Insolvency & BankruptcyNational Company Law Tribunal & NCLATIndependence of Resolution Professional: Test of Biasness

September 8, 20200
NATIONAL COMPANY LAW APPELLATE TRIBUNAL, NEW DELHI
State Bank of India Versus  M/s. Metenere Ltd.
[Company Appeal (AT) (Insolvency) No. 76 of 2020] | Date: 22.05.2020
FACTS
The appointed Resolution Professional (“RP”), Shailesh Verma (“SV”)  was an ex-employee of the Appellant Financial Creditor and was also drawing pension from it.
Thus, on objection raised by the Respondent, the Adjudicating Authority directed substitution of the RP, on the ground that he was previously employed with the Appellant and thus will render the process unfair and biased.
Aggrieved by this, the Appellant appealed before the Appellant Authority on the ground that SV fulfils the requirement for appointment as Resolution Professional and bears no disqualification.
ISSUE BEFORE THE NCLAT
Whether an ex-employee of the financial creditor having rendered services in the past should not be permitted to act an Interim Resolution Professional at the instance of such financial creditor?
CONCLUDING VIEW
The Appellant Tribunal held that merely because the RP drew pension does not clothe him with the status of an interested person.

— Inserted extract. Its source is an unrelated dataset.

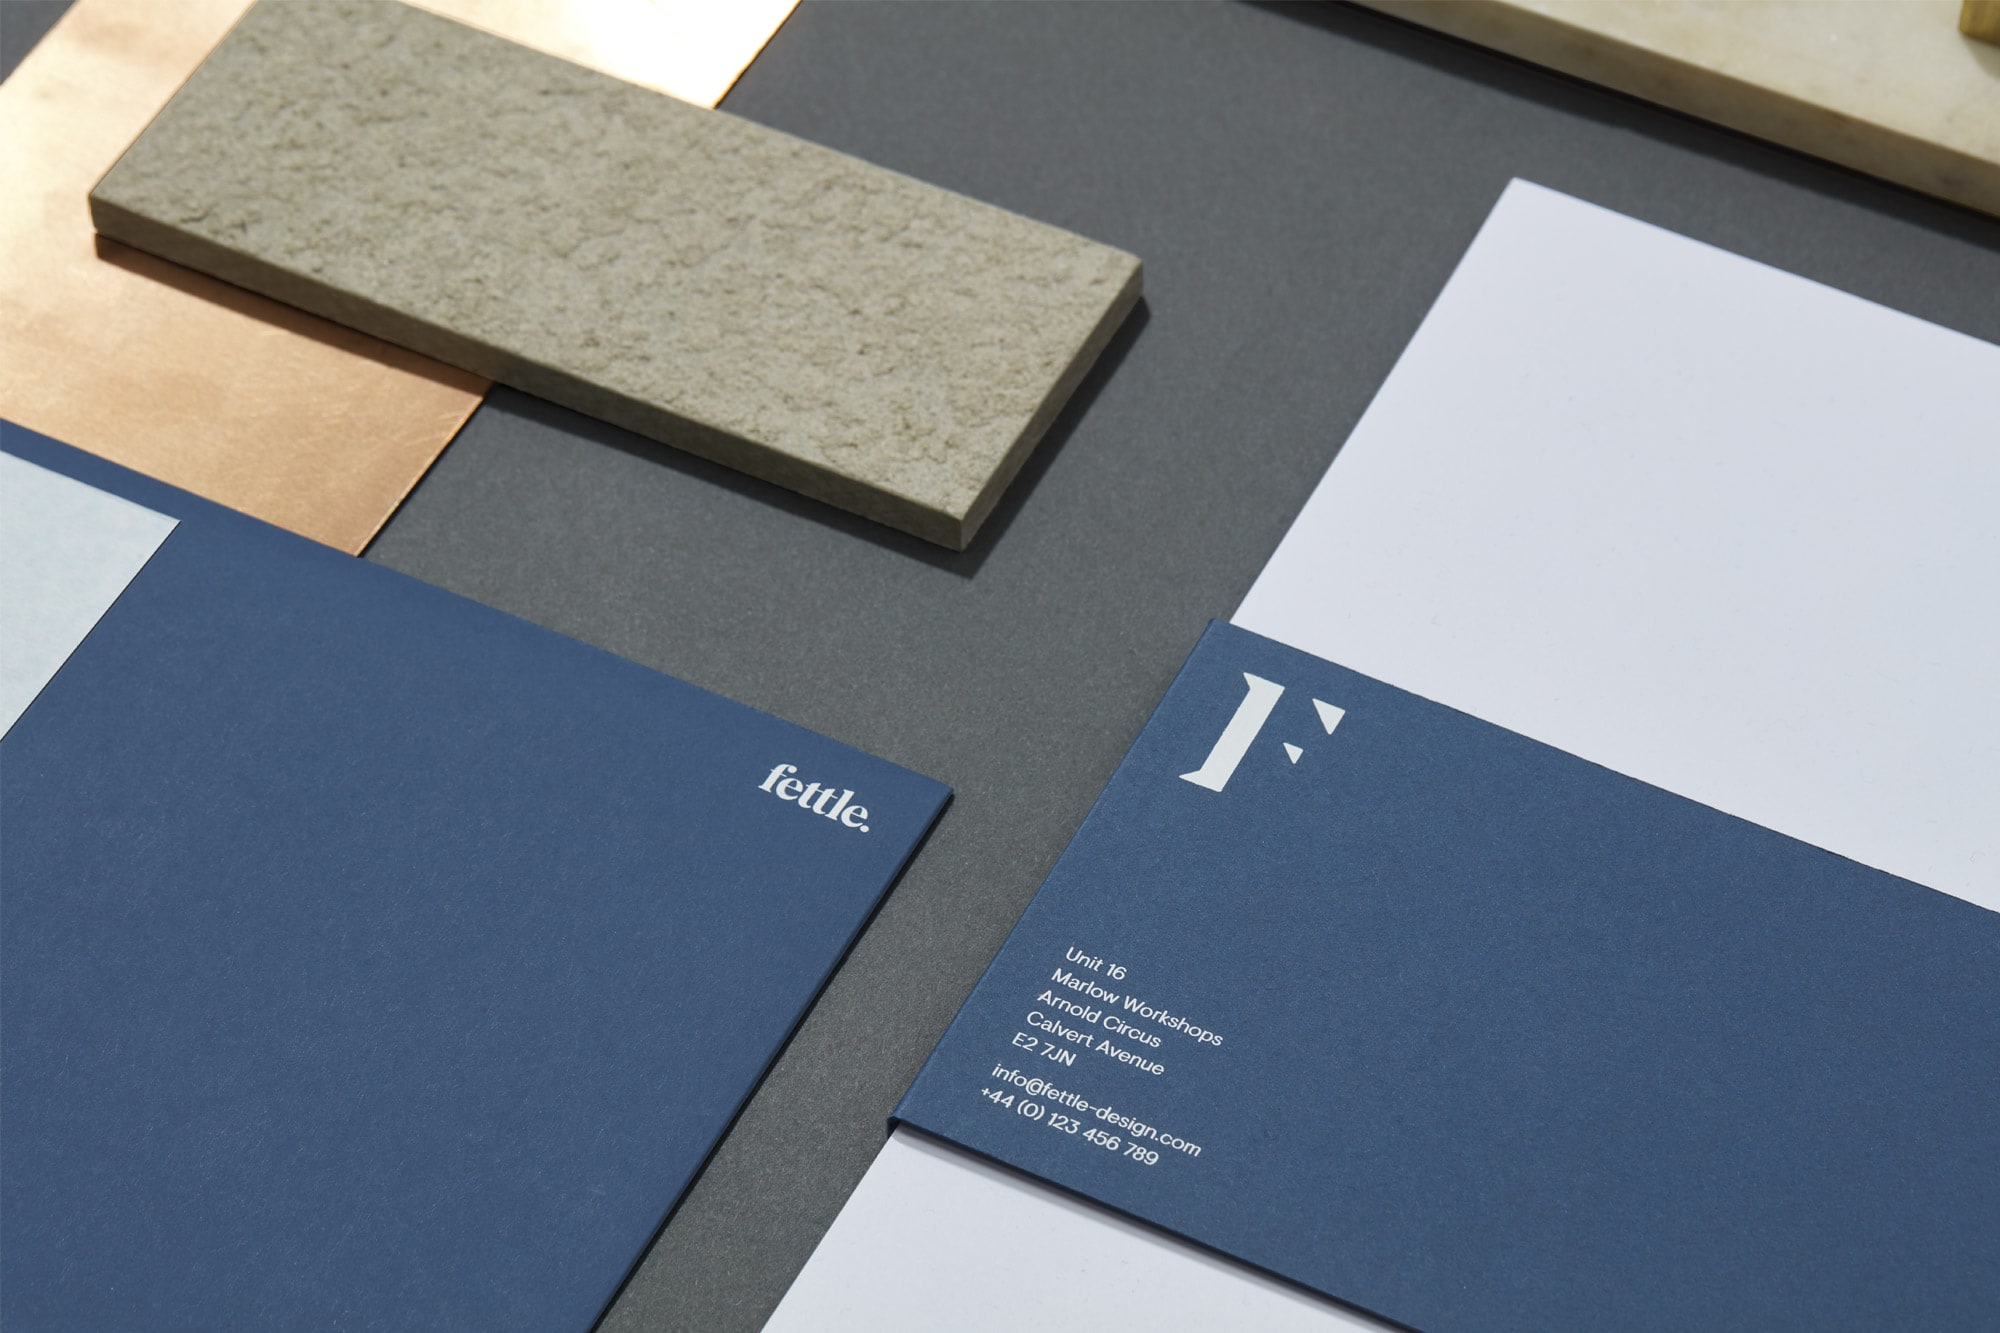 Fettle Design studio – Brand identity by land of plenty.

Pension is paid for the services rendered to the employer in the past and it is a benefit earned for such past services under the relevant services rules.
Further, it was held that the argument that inclusion of pension within the definition of “salary” under the Income Tax Act was not relevant and did not make the RP an interested person and ineligible to be appointed as the RP.
The Tribunal relied on the Regulation 3(1) of the Insolvency and Bankruptcy Board of India (Insolvency Resolution Process for Corporate Persons) Regulations, 2016 wherein complete independence of the RP from the Corporate Debtor is mandatory. The Regulation was not violated in the instant case.
Further, relying on the decision of State Bank of India vs. Ram Dev International Limited, Company Appeal (AT) (Insolvency) No. 302 of 2018” decided on 16th July, 2018, the Tribunal held that there was no ground to disqualify him from being appointed as the RP.
Nonetheless, regardless of the abovementioned findings, the Tribunal rendered the test for determination of apprehension of bias. To answer this, the Tribunal placed reliance on the decision of the Supreme Court in Ranjit Thakur v. Union of India and Ors., (1987) 4 SCC 611, wherein it was held that the to test likelihood of bias it is relevant to see whether there is a reasonable apprehension in the mind of the party.”
Thus, the Tribunal held that the determination of apprehension of bias about the RP necessarily rests on the perception of the Corporate Debtor.
In light of the past association of the RP with the Financial Creditor, the Tribunal held that the apprehension of the Corporate Debtor cannot be ruled out.
It was held that the RP acting as an “independent umpire” had to be viewed in the context of the RP being required to discharge his statutory duties in a fair manner, including collating claims.
Although it was acknowledge that per se the RP was not disqualified to act in his personal capacity as an RP as there exists no statutory requirement forbidding an ex-employee from becoming RP.

 

AMLEGALS REMARKS

The decision of the NCLAT is a positive attempt at highlighting the importance of an independent RP under the Code. The decision is in consonance of the objective of the Code that is to balance the interests of all stakeholders.
Whilst it is a pertinent adjudication for the determination of independence of the RP, the Tribunal through the test has lowered the threshold by not considering specific instances of biased conduct by the RP. It will also invoke further challenges for the appointment of RP on the ground that it is biased from the perspective of the Corporate Debtor. This will further elongate the timeline for completion of the CIRP, as against the objective of the Code.  
Nonetheless, the functioning of the RP independent from the Committee of Creditor is imperative and thus calls for a legislative intervention in furtherance of Regulation 3 (1).